The writedowns also caused a number of global banks to seek capital from sovereign wealth funds, such as China Investment Corp's investment in Morgan Stanley. China's government-controlled investment vehicle will hold no more than 9.9 percent of the investment bank once its investment is converted into common shares in 2010.
Morgan Stanley said it lost US$3.61 billion, or US$3.61 per share, in the fourth quarter, compared to a profit of US$2.27 billion, or US$1.44 per share, a year earlier. The investment house reported negative net revenue of US$450 million because of the writedowns, compared to revenue of US$7.75 billion a year ago.
Results broadly missed Wall Street projections for a loss of US$0.39 per share on revenue of US$4.23 billion, analysts polled by Thomson Financial said.
"This quarter will put [Morgan Stanley] in a very precarious position as it relates to keeping clients and keeping employees," Wachovia Capital Markets analyst Douglas Sipkin said in a note to clients. "Further strategic initiatives under the current leadership will likely be scrutinized by investors considering the poorly timed push into the mortgage market at the end of 2006."
The results also led to warnings about potential downgrades from major rating agencies. Among them was Standard & Poor's, which said the "dismal fourth quarter results heightened our concern regarding its strategic direction and risk appetite."
Mack, whose very leadership and strategy has been called into question, sounded a conciliatory tone during his conference call. He said management has learned a lesson, but that Morgan Stanley has no plan to back off.

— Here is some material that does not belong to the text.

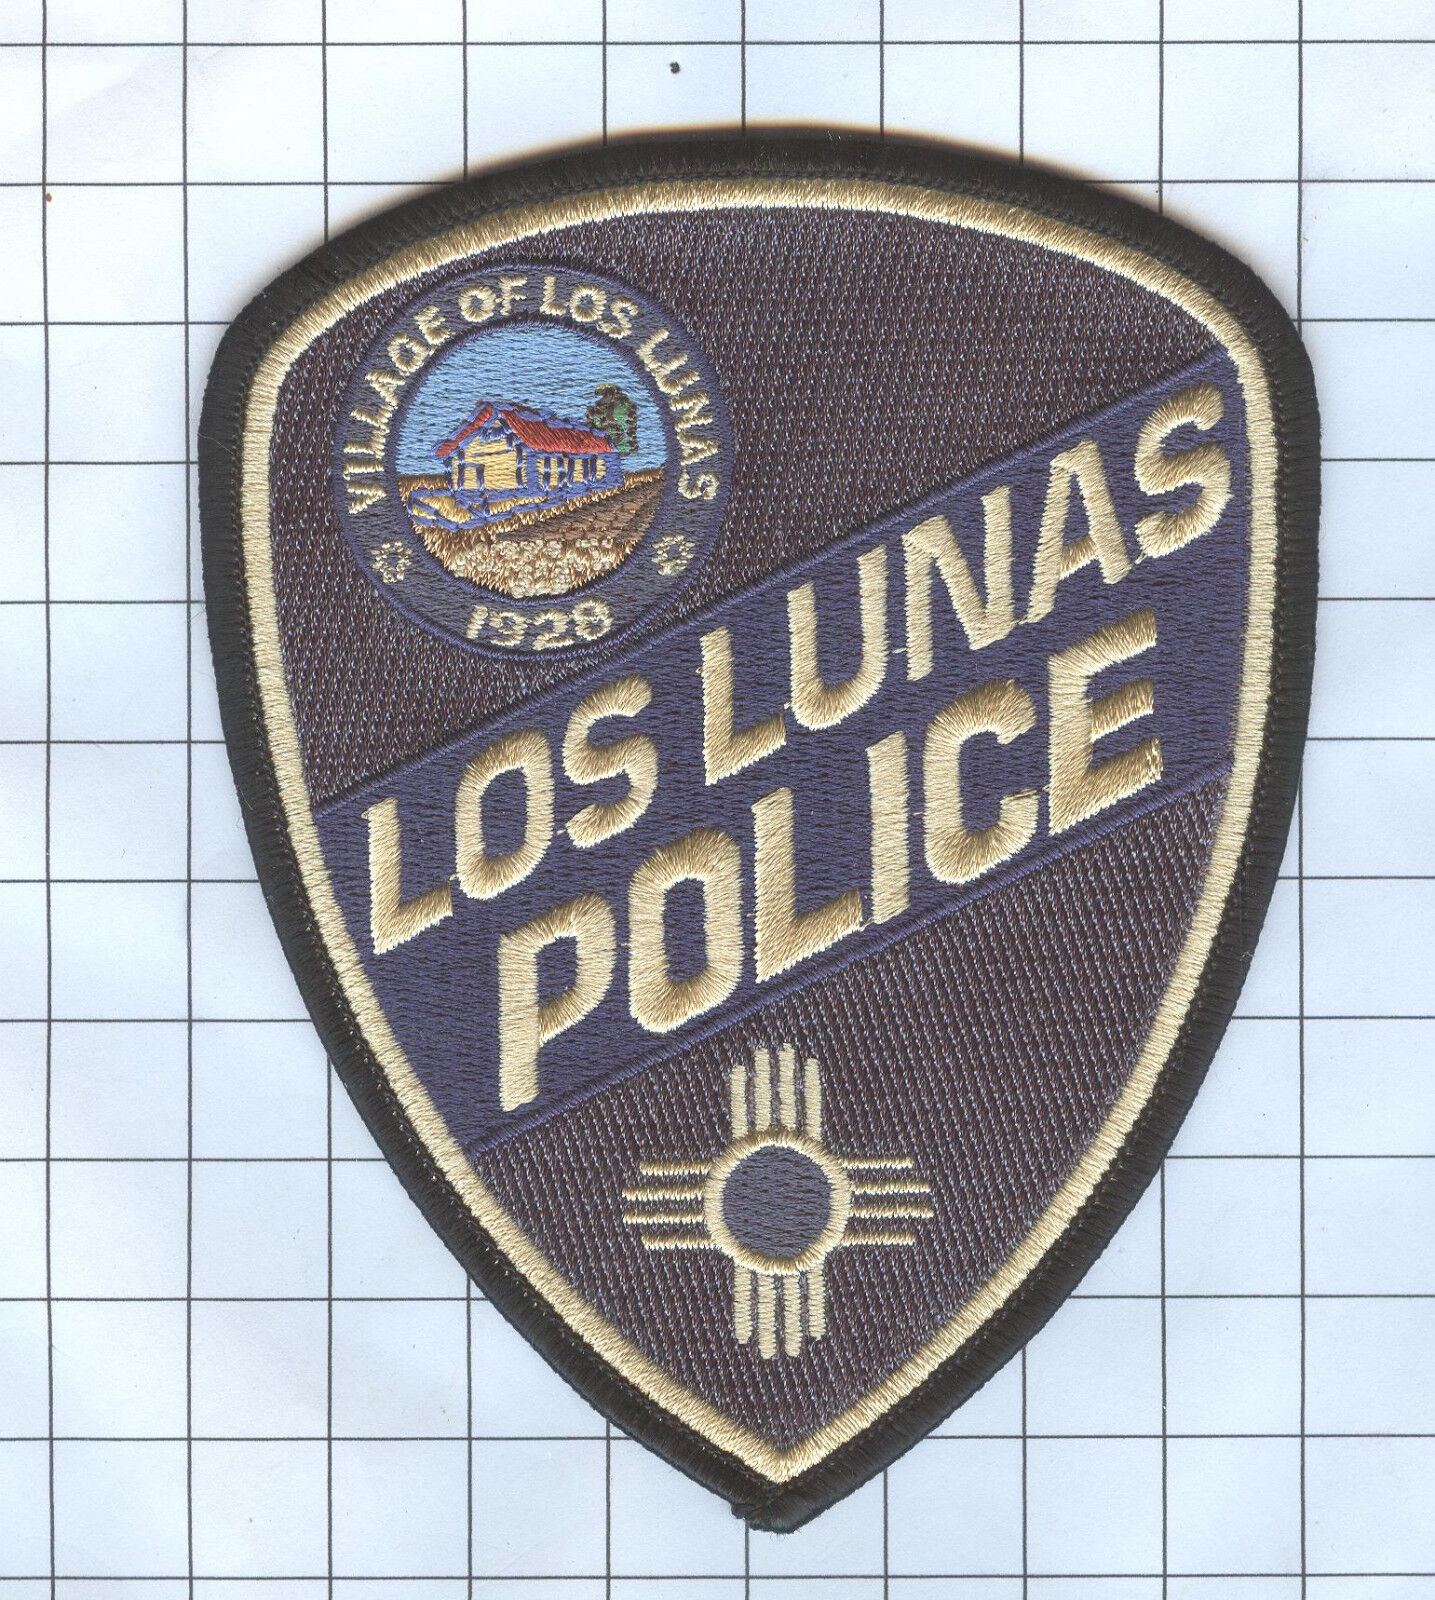 Police Patch  - New Mexico - The Village of Los Lunas NM

"We're going to dial it back a little bit," he said about the firm's appetite for risk. "We've been sprinting and we'll be jogging for a while, but we will still be in the market taking risk."
Morgan Stanley said it had about US$1.8 billion in subprime mortgage exposure left on its books at the end of the quarter on Nov. 30, down from US$10.4 billion as at Aug. 31.
The equity units that China Investment Corp purchased from Morgan Stanley will yield 9 percent per year before they are converted into common shares. The Chinese fund will have no special rights of ownership or play any role in the management of Morgan Stanley.